Reputation: 73
I'd like to create an edge list with weights as an attribute (counts number of pair occurrences - e.g., how many months have the pair a-b been together in the same group).
The dataframe contains a monthly snapshot of people in a particular team (there are no duplicates on the monthly groups)
monthyear | name |
---|---|
jun2020 | a |
jun2020 | b |
jun2020 | c |
jul2020 | a |
jul2020 | b |
jul2020 | d |
The output should look like the following (it's non-directional so a-b pair is the same as b-a):
node1 | node2 | weight |
---|---|---|
a | b | 2 |
b | c | 1 |
a | c | 1 |
a | d | 1 |
b | d | 1 |
I managed to create a new dataframe with the names combinations using the following:
df1 = pd.DataFrame(data=list(combinations(df['name'].unique().tolist(), 2)), columns=['node1', 'node2'])

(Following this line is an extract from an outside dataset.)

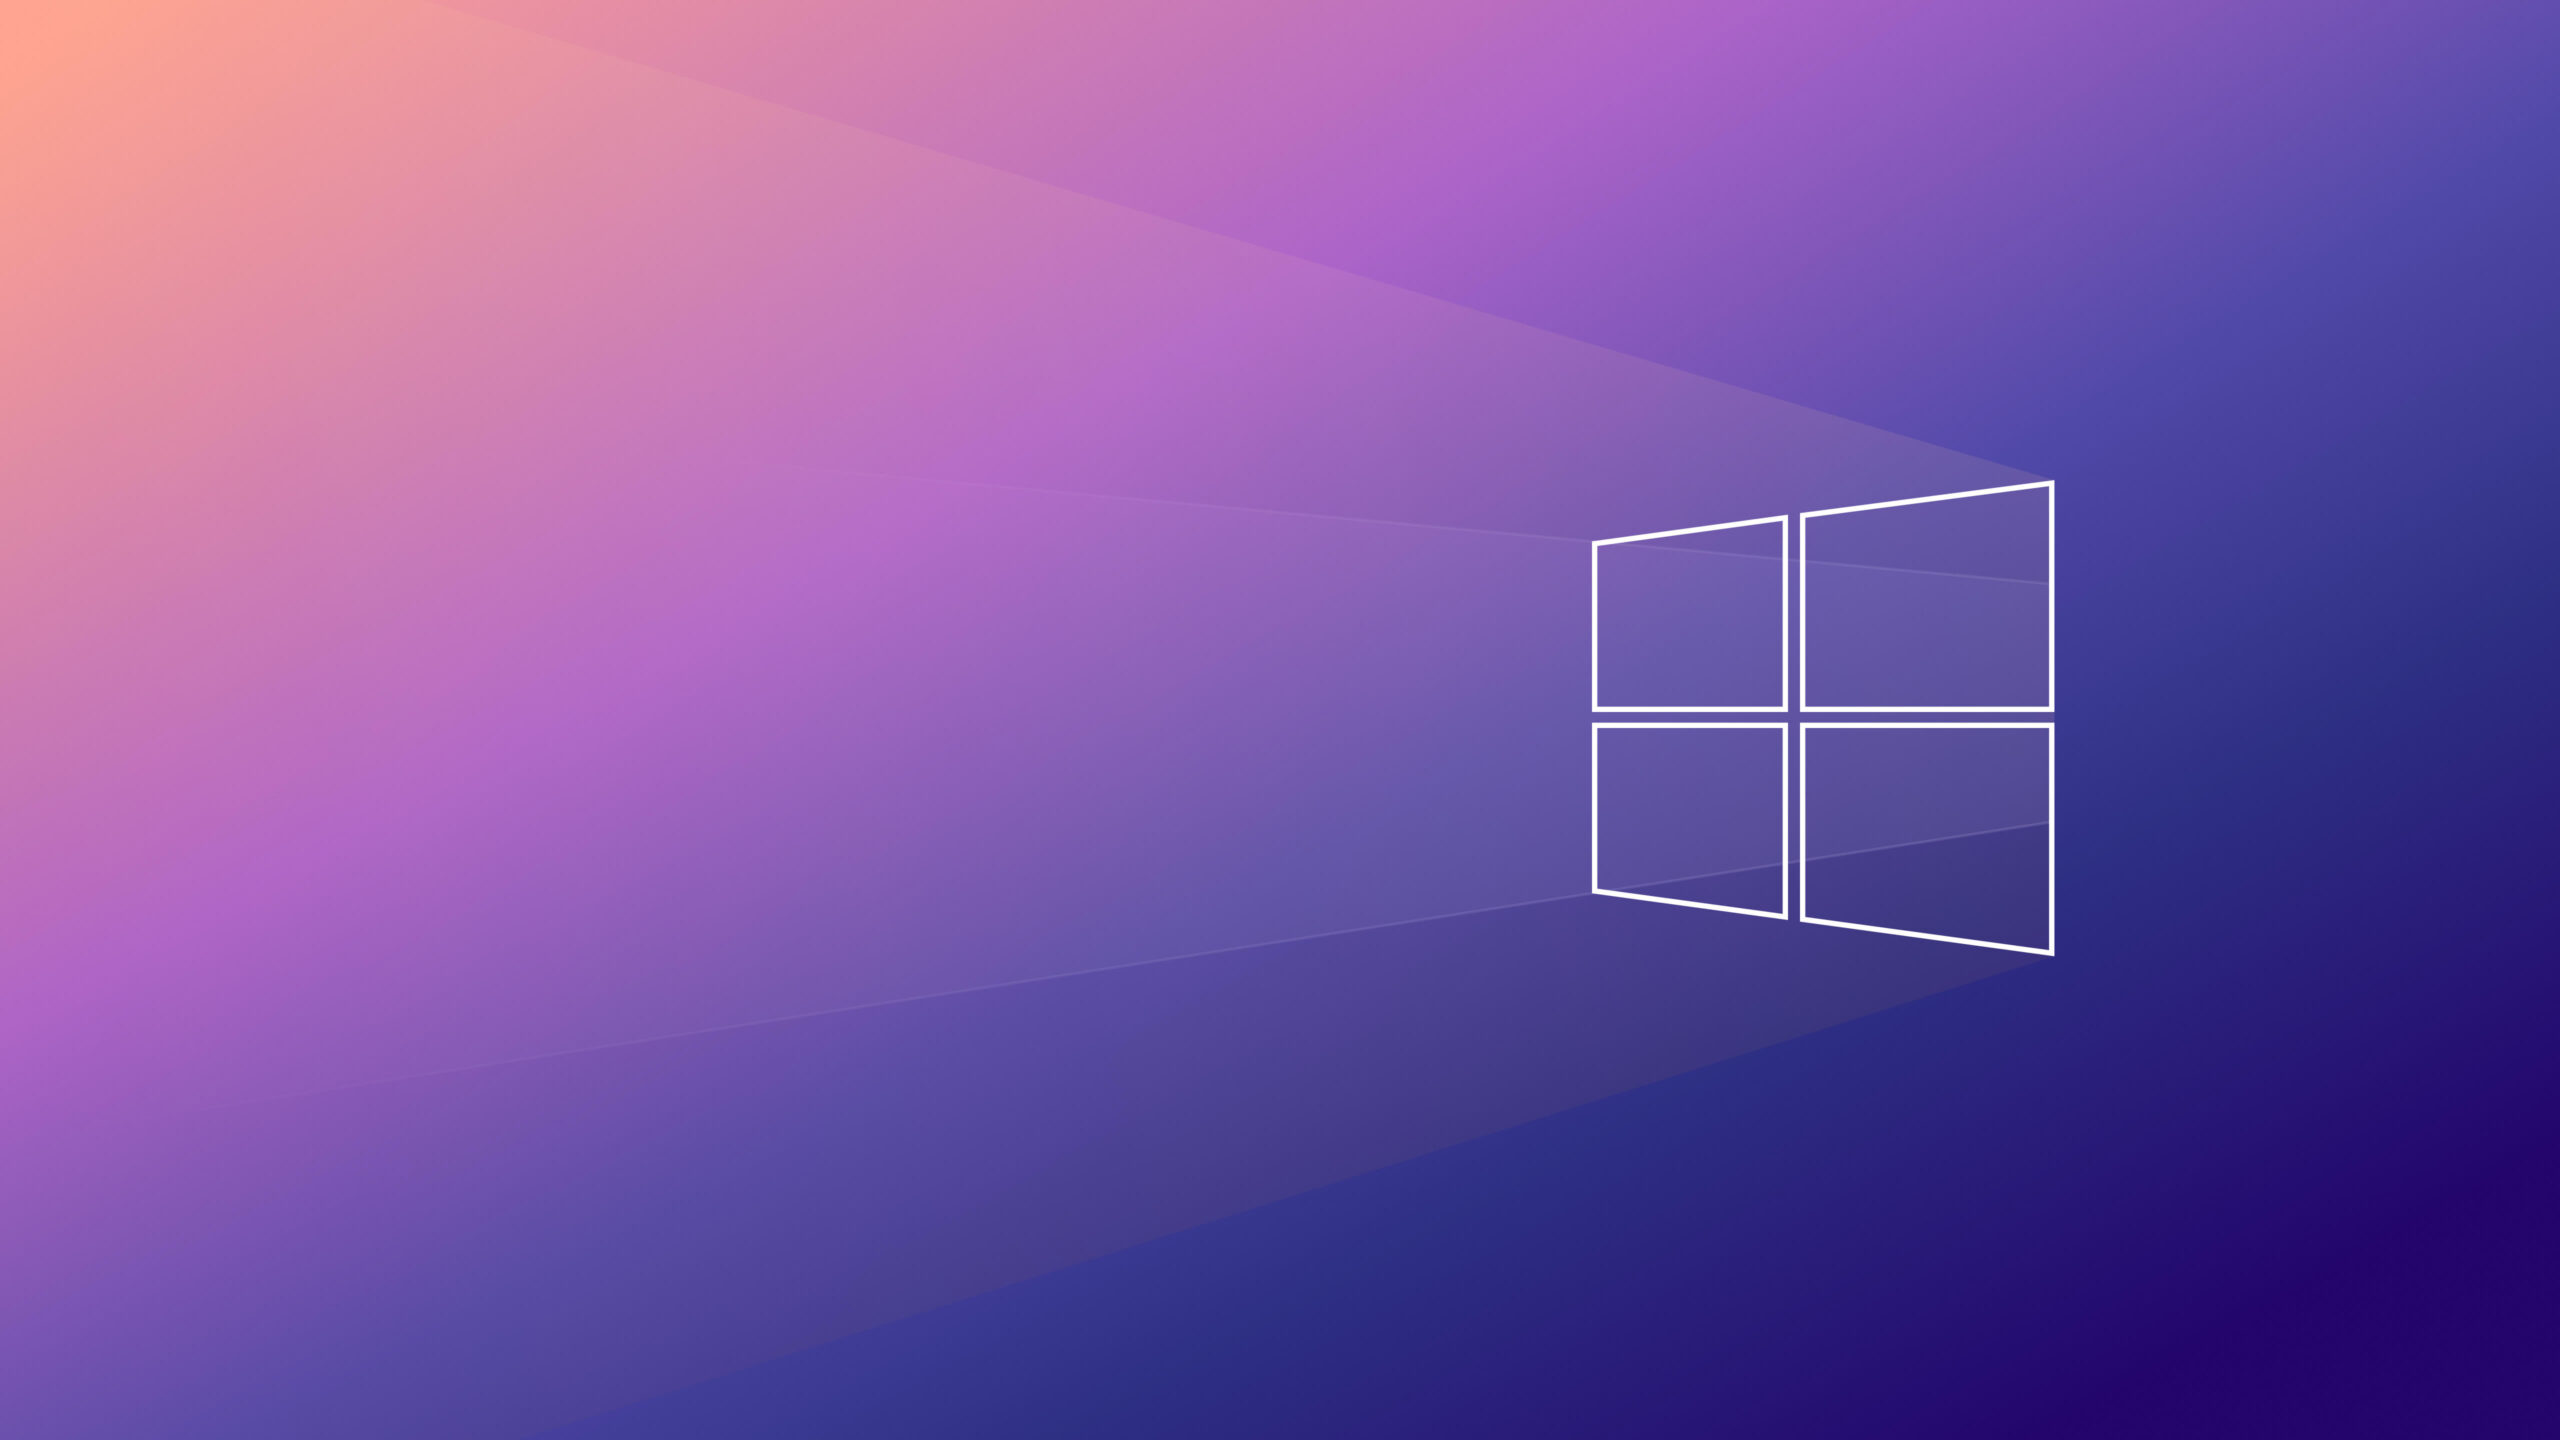 Sử dụng hình nền 4k Windows 10 để trải nghiệm sự độ sắc nét và chi tiết tuyệt vời của hình ảnh. Tận hưởng các tài nguyên hình ảnh cao cấp của Windows 10 để tăng trải nghiệm làm việc và giải trí của bạn. Hình nền 4k Windows 10 sẽ đưa bạn đến những không gian mới và mang đến cho bạn trải nghiệm tuyệt vời.

Now I'm not sure how to iterate over this new dataframe to populate the weights. How can this be done?
Upvotes: 7
Views: 820
Reputation: 28322
Assuming that there are no duplicates within each monthyear
group, you can get all 2-combinations of names within each group and then group by the node names to obtain the weight.
from itertools import combinations
def get_combinations(group):
return pd.DataFrame([sorted(e) for e in list(combinations(group['name'].values, 2))], columns=['node1', 'node2'])

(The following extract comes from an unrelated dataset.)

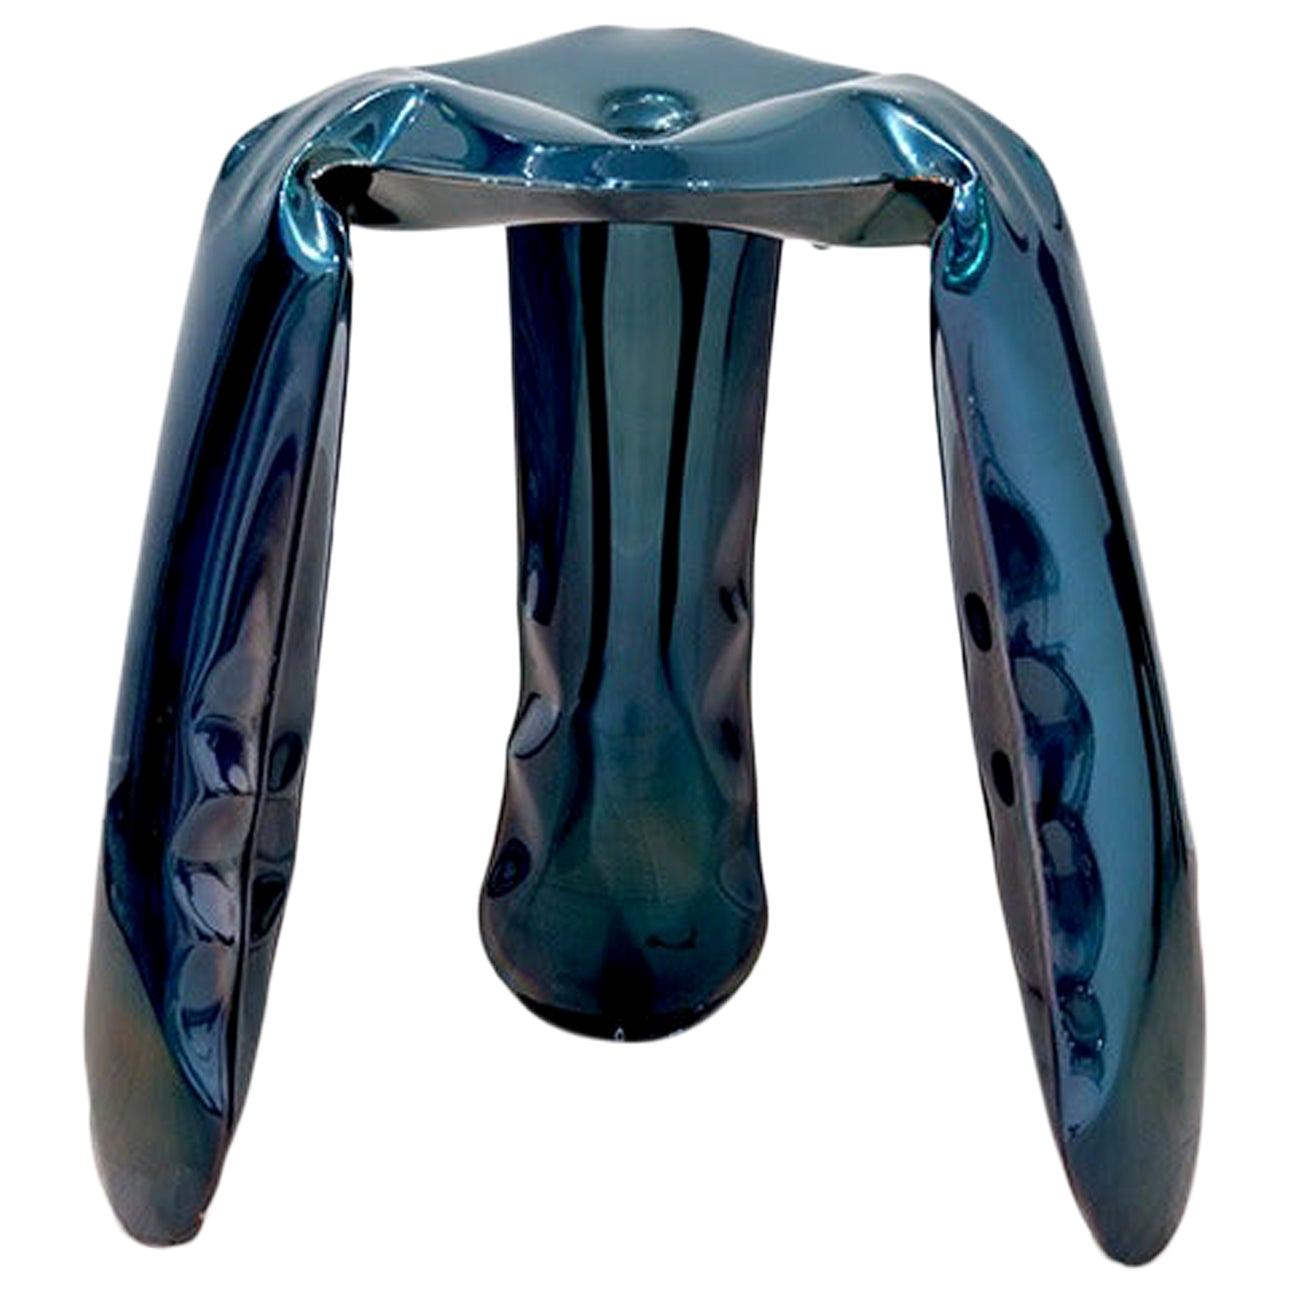 Plopp Stool by Zieta, Standard Size, Cosmic Blue Finish For Sale

df = df.groupby('monthyear').apply(get_combinations)
This will give you an intermediate result:
node1 node2
monthyear
jul2020 0 a b
1 a d
2 b d
jun2020 0 a b
1 a c
2 b c
Now, calculate the weight:
df = df.groupby(['node1', 'node2']).size().to_frame('weight').reset_index()
Final result:
node1 node2 weight
0 a b 2
1 a c 1
2 a d 1
3 b c 1
4 b d 1
Upvotes: 3